Struggling to come to terms with mums death

So... my mum recently past (14/11/19) she had stage 4 brain tumor, she was 64 well, active, young before her years She worked but since moving we noticed she started to change me and my brothers though she maybe having a mental breakdown as she had come out off a long relationship,had to sell her house and move 1 and a half hours away from an area she had lived since she was 14, at the end of october she went to stay with my brother as she started behaving even stranger my brother picked her up on the sat and by the sunday we were discussing taking her to the drs to get her checked out and see if they could help with her anxiety, my brother noticed mum had become wobbly on her feet so they went drs monday morning who sent them straight to the hospital for an mri scan for a suspected stroke, we were told monday they had found a tumor and was going to do a ct and full body mri to see what we were dealing with.

i went and saw mum tuesday and she was confused kept crying and laughing but didnt fully take in the  situation she had thought she had been in the hospital for 3 months, the day after she wasnt really talking on thurs 31 we got the news that it was untreatable and she would have months to live, by the weekend she was hard to wake refused to eat and staring into space, not talking. By monday she was unresponsive and stayed that way for 11 days when she passed.
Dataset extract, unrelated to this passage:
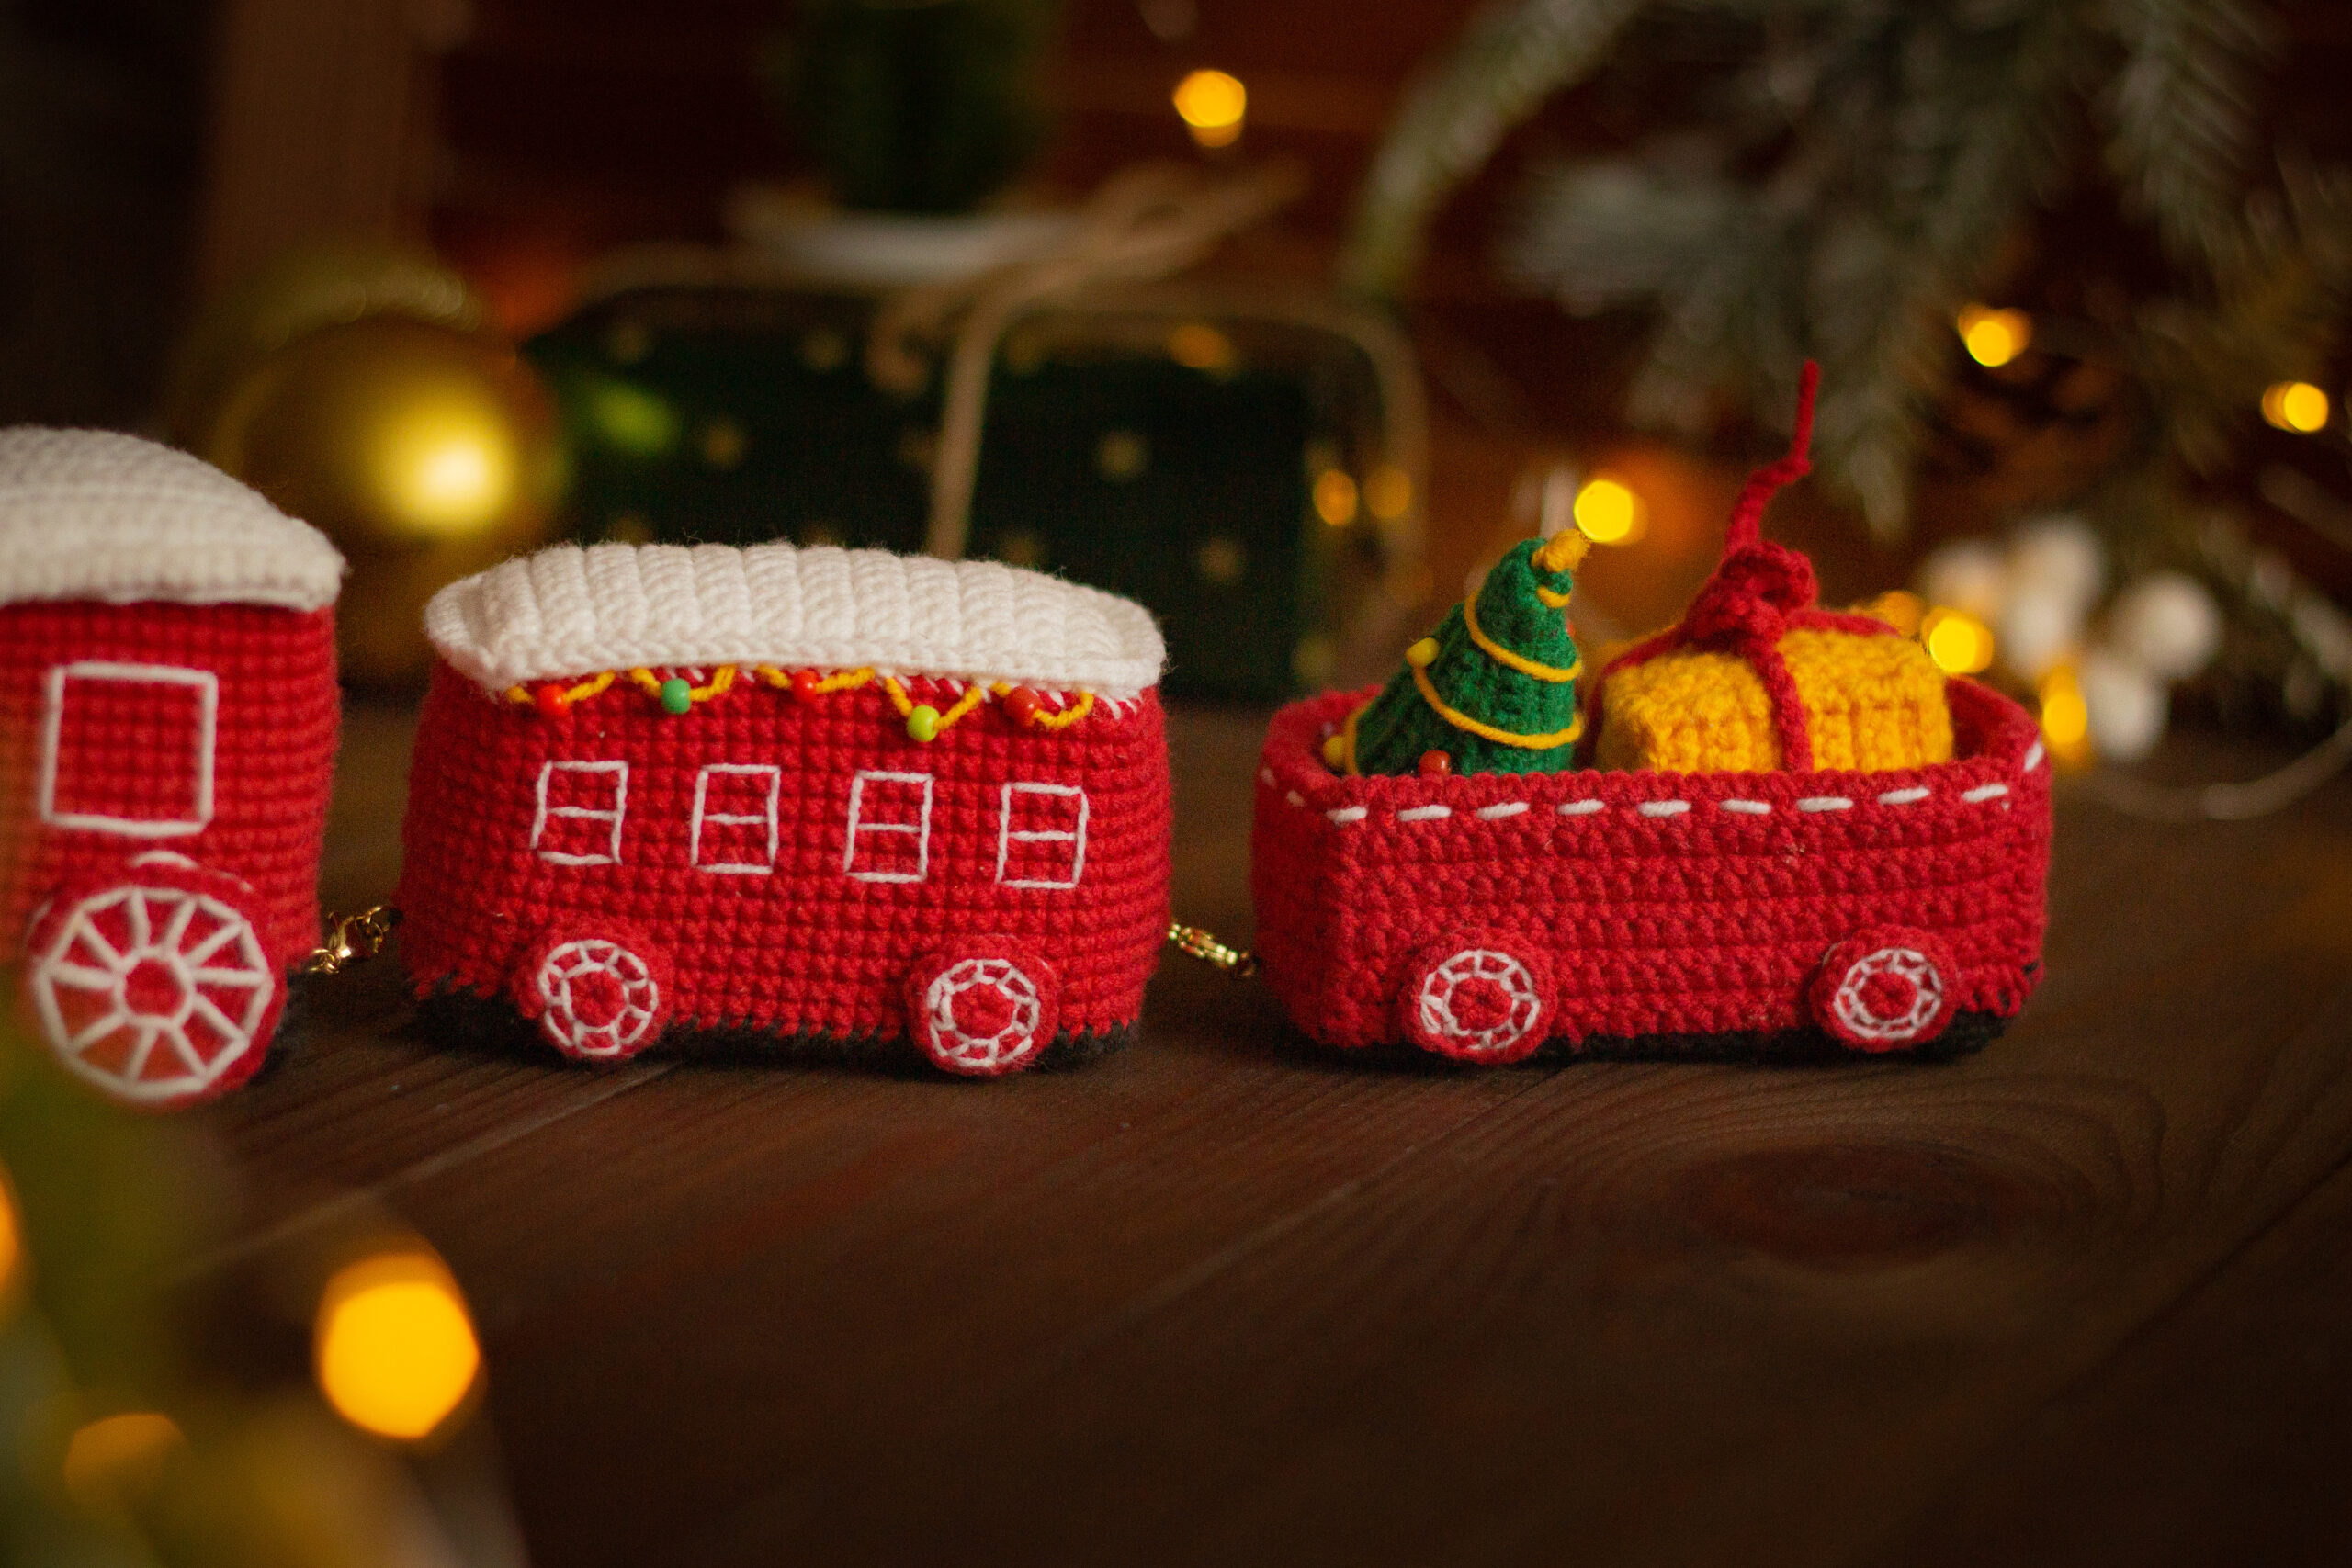 Décorations de Noël, motif grenade, jouets au crochet, motifs au
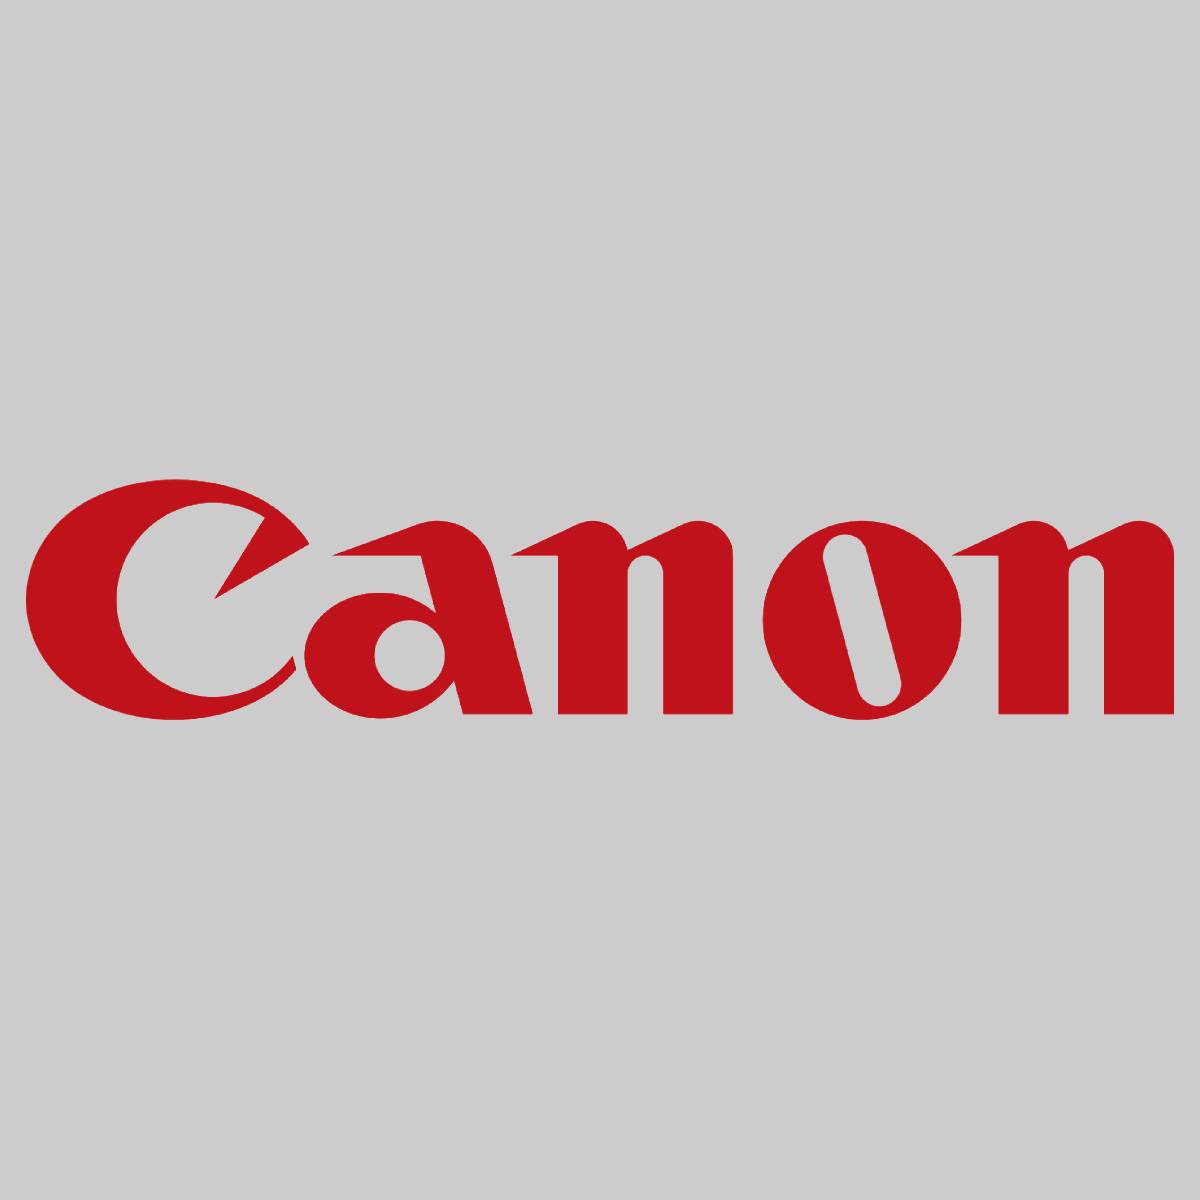 "Original Canon C-EXV 49 Toner Black 8524B002 IR Advance C3320 / C3325 / C3330

I don't know how to cope or deal with this, my time is taken up with my 9week old baby boy and i feel normal most of the time other than emotionally eating, i seem to have a constant empty feeling inside and have noticed im eating to feel it but it doesnt work and i just can't seem to stop. I have random low moments usually at night time where i fill full of anger not for the things i didnt do, but im angry at myself because i want to bring her back, but i can't. i just don't feel like ive taken it in, my dad passed last year and i grieved straight away, and it annoys me as me and my mum where closer, we spoke every few days and i was visiting weekly, i should be crying all the time, feeling low not carrying on like nothings happened is this  even normal??? I feel like im letting my mum down for not crying or reacting correctly, i don't know if i should go to the drs for help or wait and see until after the funeral monday.

 

Any help and advice would be greatly appreciated 

Kaylee

  • Hi

    What a dreadful shock for you all, I was so sorry to read your post. I lost my dad, I go through periods of feeling angry and sad. It is such a difficult time. Take one day at a time and enjoy your memories when you feel able to think about them. Wishing you all the best. 

    Nic

    By the way, I have stood in an empty field and screamed... it helped, although I probably looked like a mad woman! Xxx

  • Hello ime so sorry dont worry about how you feel i think we go through about every emotion when we lose a loved one and such a shock to they never get it right about how long we have with cancer your not alone on here we are or have been through this and we understand just get angry at this rotton disease i think for a while we are in shock main thing is to look after yourself and your baby just what your poor mum would want stay in touch with loved ones .best wishs paul

  • Hello Kaylee,

     

    I really am so sorry to hear about your Mum and Dad. Please remember that there is no right or wrong way to grieve. It is such a personal experience and it is a huge shock and trauma to go through losing a parent. It sounds like you are being strong for your baby and that makes total sense. I hope you can take the time to cry and let it out in your own time.

     

    You have just lost your Mum and it isn't long since you lost your Dad. It's a huge adjustment and you may still be in shock from losing your Mum, I felt numb for months and like I wasnt really there. I still feel like I am underwater half the time, having to relearn a new normal.

     

    You are not letting your Mum down. You were there with her and she would have known that. I'm sure your Mum was like mine and she would want you to live life to the fullest and you will eventually. You will be able to laugh and smile like you used to.